Crombez:"Un gouvernement à six suffirait"

Le gouvernement fédéral pourrait à l'avenir fonctionner avec des effectifs réduits et de manière plus efficace, six ministres suffisant à exercer toutes les compétences, a affirmé dimanche le secrétaire d'Etat à la Lutte contre la fraude, John Crombez (SP.A) lors de l’émission De zevende dag (VRT).

Après l'entrée en vigueur de la sixième réforme de l'Etat, le gouvernement fédéral verra ses compétences réduites.

Il compte actuellement dix-huit membres, mais "avec un très grand éparpillement des compétences", a souligné John Crombez (SP.A) lors de l'émission dominicale De zevende dag de la VRT-télévision.
Il a cité en exemple le cas du dossier du dumping social, expliquant qu'il devait traiter avec cinq cabinets ministériels.
Le gouvernement fédéral pourrait dès lors être "plus maigre et plus efficace" à la fois, a fait valoir le secrétaire d'Etat socialiste.
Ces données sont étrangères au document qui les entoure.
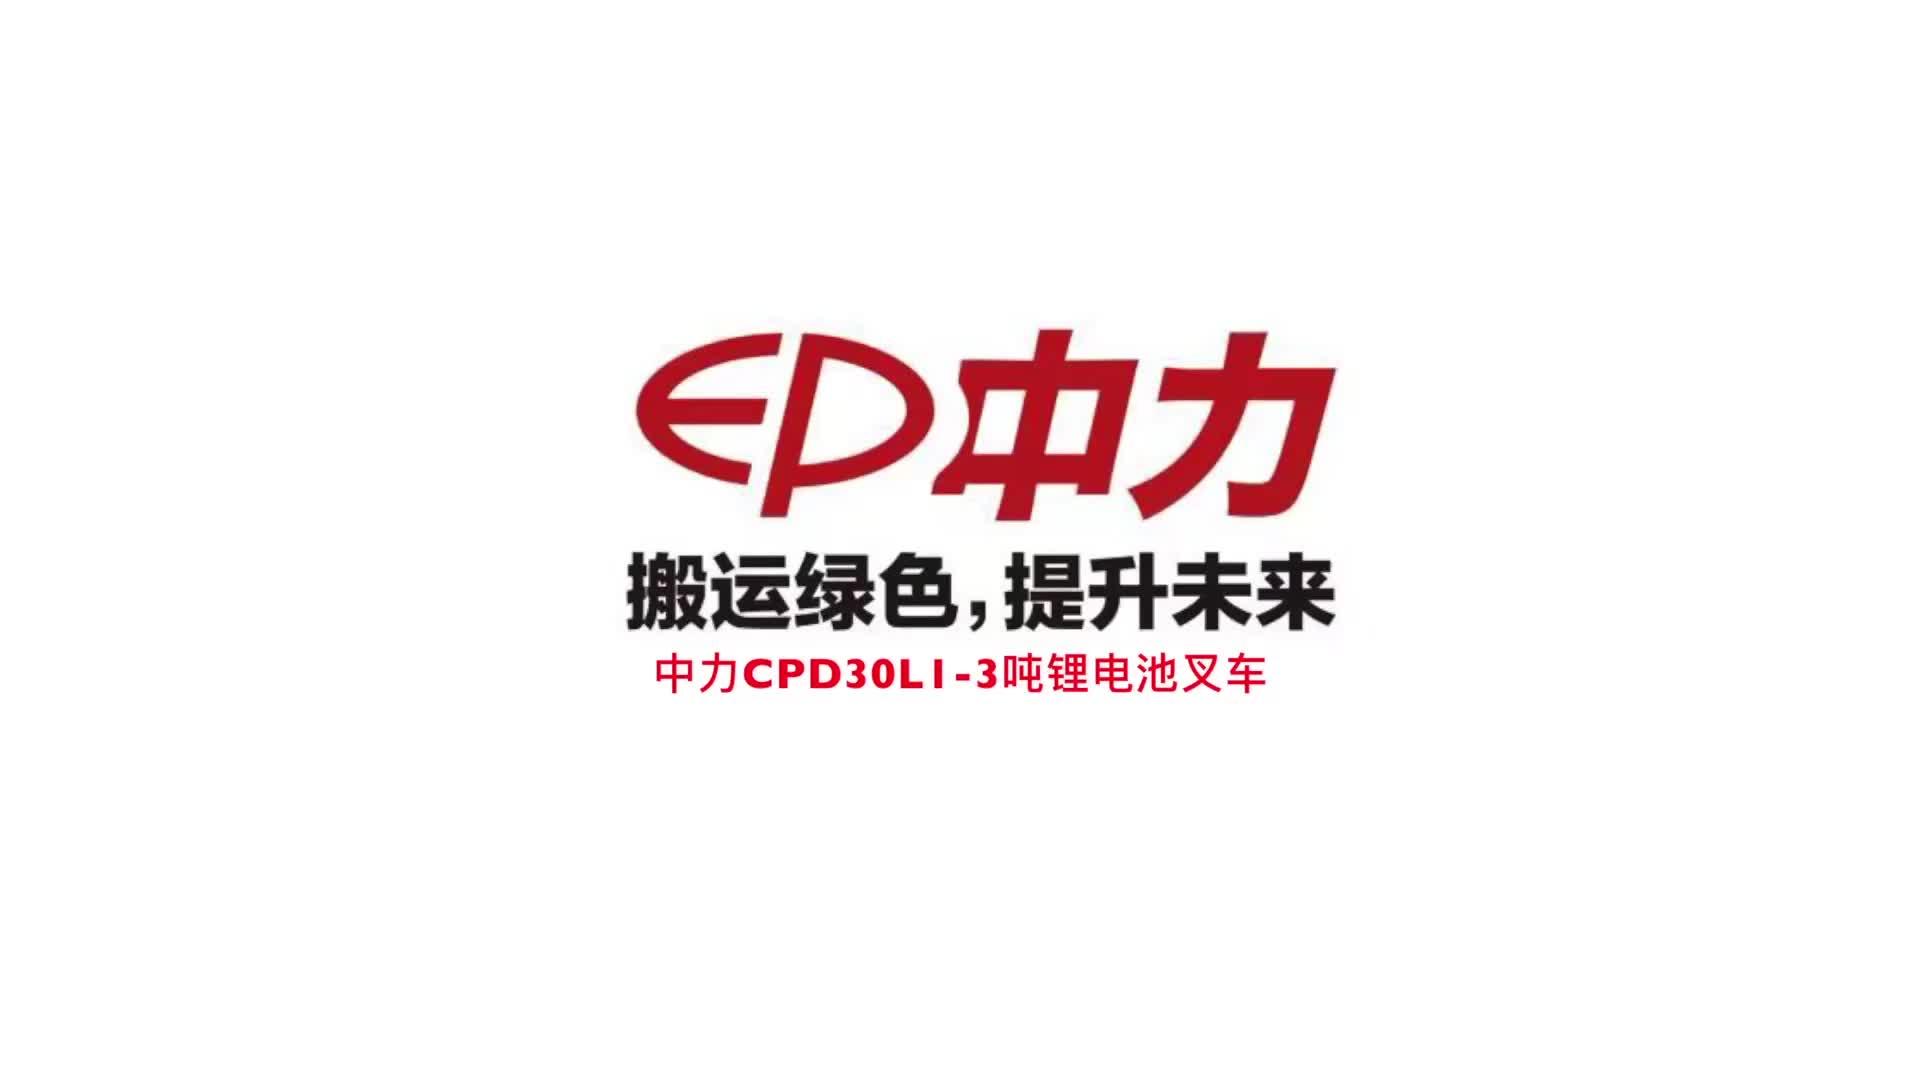 CPD30_35L1S 3.0_3.5吨电动平衡重叉车 锂电壹号

Selon lui, le département des Finances pourrait, par exemple, n'avoir qu'un seul "responsable final", disposant d'un seul cabinet ministériel. A un niveau inférieur, des secrétaires d'Etat seraient responsables de la mise en œuvre de la politique dans des domaines comme la lutte contre la fraude, la fonction publique et la législation fiscale, mais sans cabinets supplémentaires.
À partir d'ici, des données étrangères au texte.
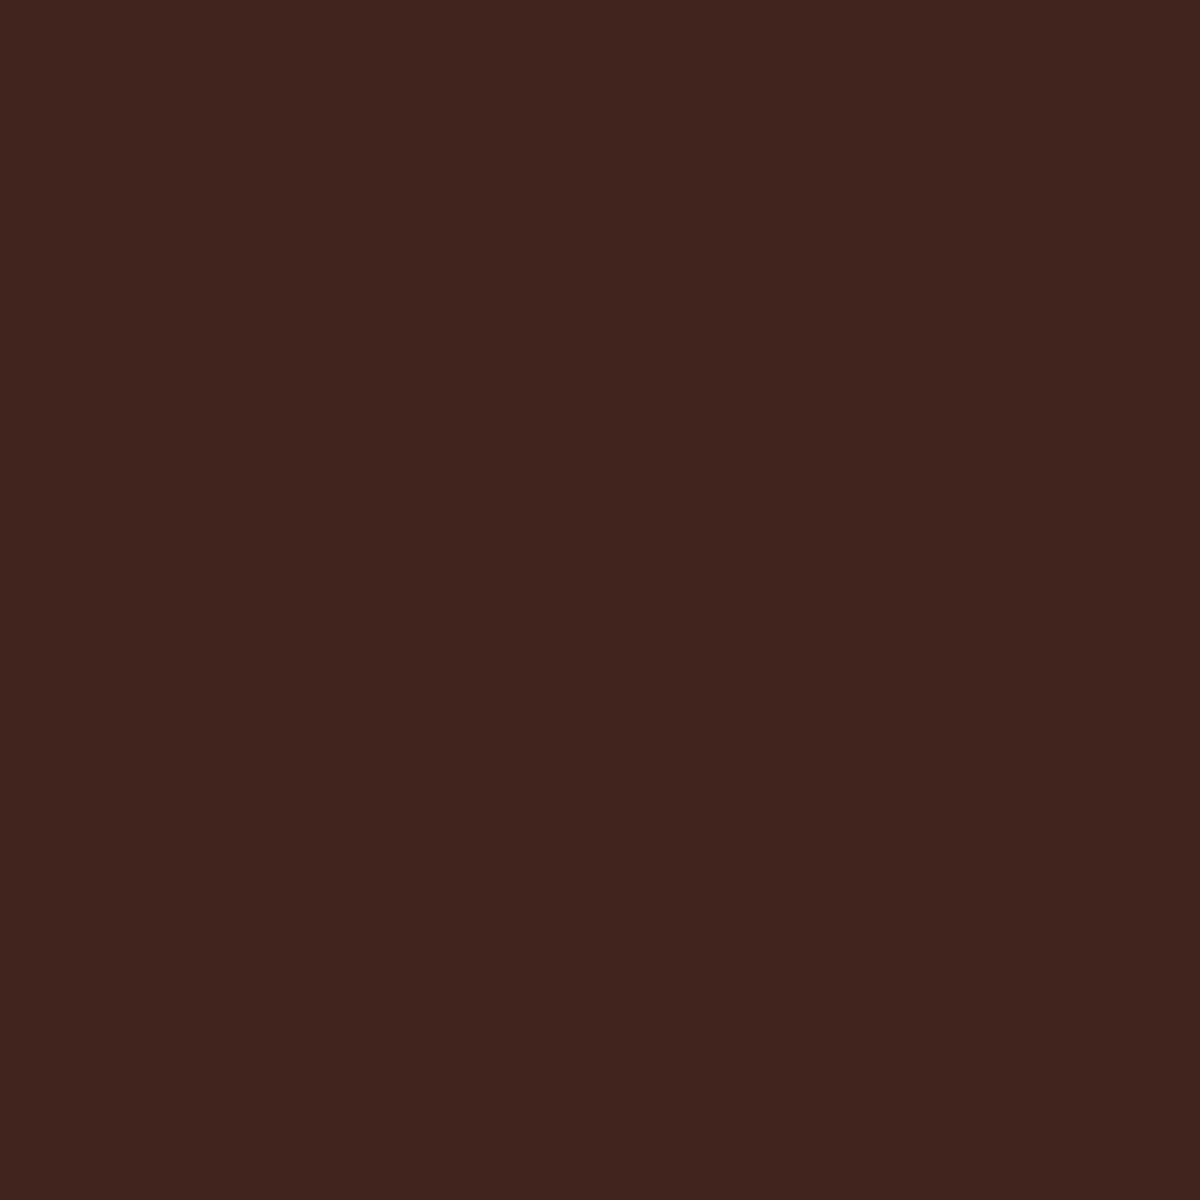 Виниловая самоклеющаяся пленка (глянец) G-3209 (1,06м х45,7м)

"Nous aurions alors besoin au maximum de six ministres", a expliqué John Crombez, parlant de "parties de ping-pong" au sein du gouvernement à propos des compétences respectives de ses membres.
John Crombez a également présenté quelques initiatives contre le dumping social. Il a souligné que ces mesures - par exemple contre les faux indépendants ou contre les entreprises qui travaillent avec des sous-traitants fraudeurs - ne visent pas les entrepreneurs eux-mêmes.
"Je serai fou d'être opposé aux entrepreneurs. Mais j'ai bien un problème avec les entrepreneurs qui détruisent des emplois belges pour leur propre bénéfice et qui mettent les bonnes entreprises en difficulté", a-t-il dit. secrétaire d'Etat espère récupérer au total un milliard d'euros grâce à la lutte contre la fraude sociale et fiscale.